Let's solve the given limit problem step by step.

We are tasked with finding the limit:

$\lim_{{x \to 8^-}} \frac{{x - 8}}{{x^2 - 64}}$

Step 1: Simplify the expression.

We start by recognizing that the denominator $x^2 - 64$ is a difference of squares: $x^2 - 64 = (x - 8)(x + 8)$

So, the expression becomes: $\frac{{x - 8}}{{(x - 8)(x + 8)}}$

Step 2: Cancel common factors.

For $x \neq 8$, we can cancel the common factor of $x - 8$ in the numerator and denominator: $\frac{{1}}{{x + 8}}$

Step 3: Evaluate the limit.

Now, we can directly substitute $x = 8$ into the simplified expression: $\lim_{{x \to 8^-}} \frac{1}{x + 8} = \frac{1}{8 + 8} = \frac{1}{16}$

Final Answer:

The limit is $\frac{1}{16}$.

Do you need further details or explanations?

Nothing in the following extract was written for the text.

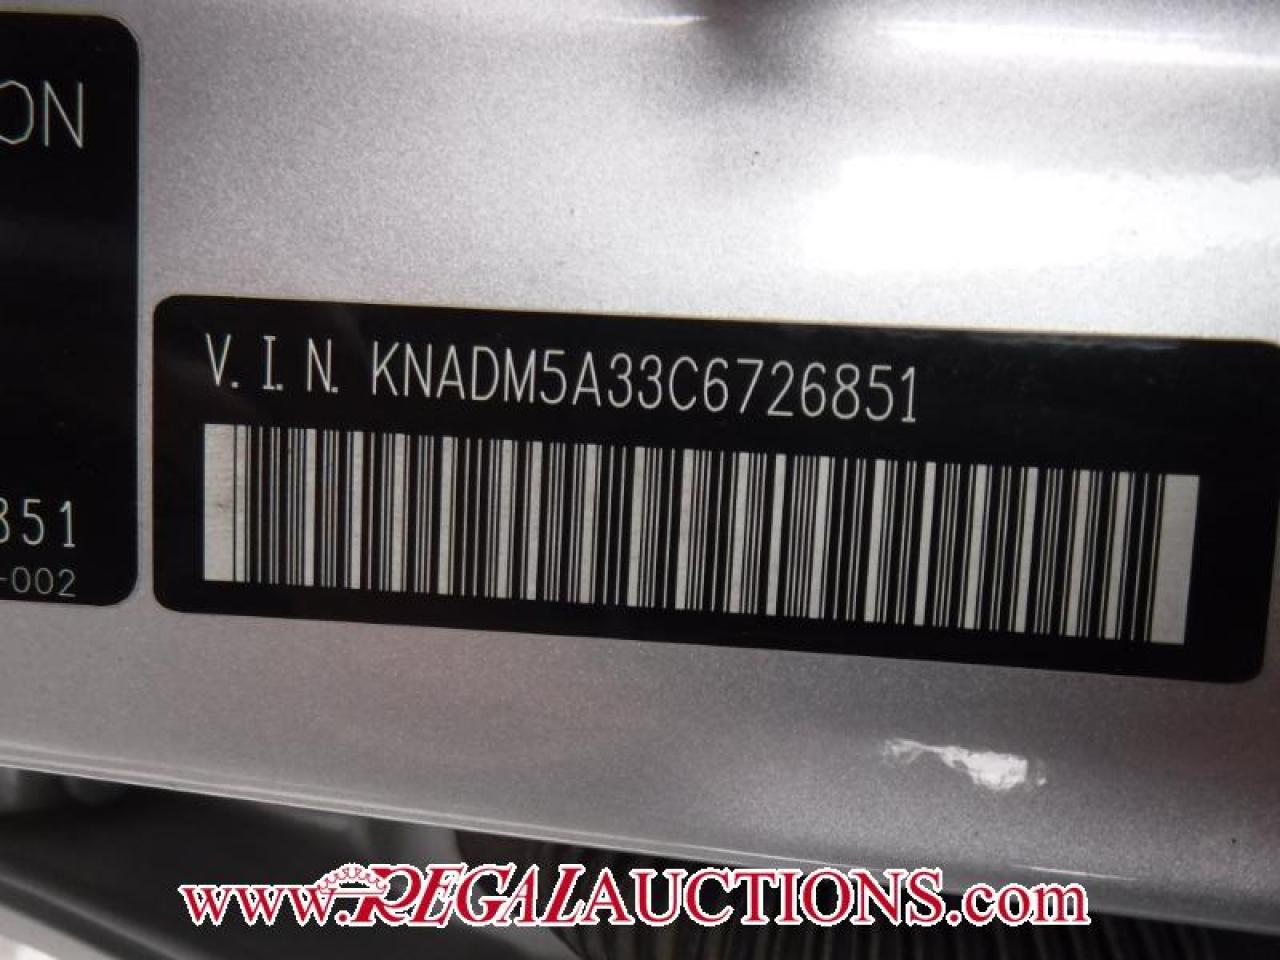 2012 Kia RIO LX 4D HATCHBACK 6SP

Here are 5 related questions for practice:

1. How would you compute the limit as $x \to 8^+$?
2. What happens if you try to calculate the limit as $x \to 8$ without simplifying the expression?
3. How does the concept of factoring help in simplifying limits with indeterminate forms?
4. Can you explain why direct substitution initially leads to an indeterminate form in this case?
5. How does this example illustrate the difference between one-sided and two-sided limits?

Tip: Always check for factorable expressions in limits that result in indeterminate forms like $\frac{0}{0}$. Simplification often resolves the indeterminacy.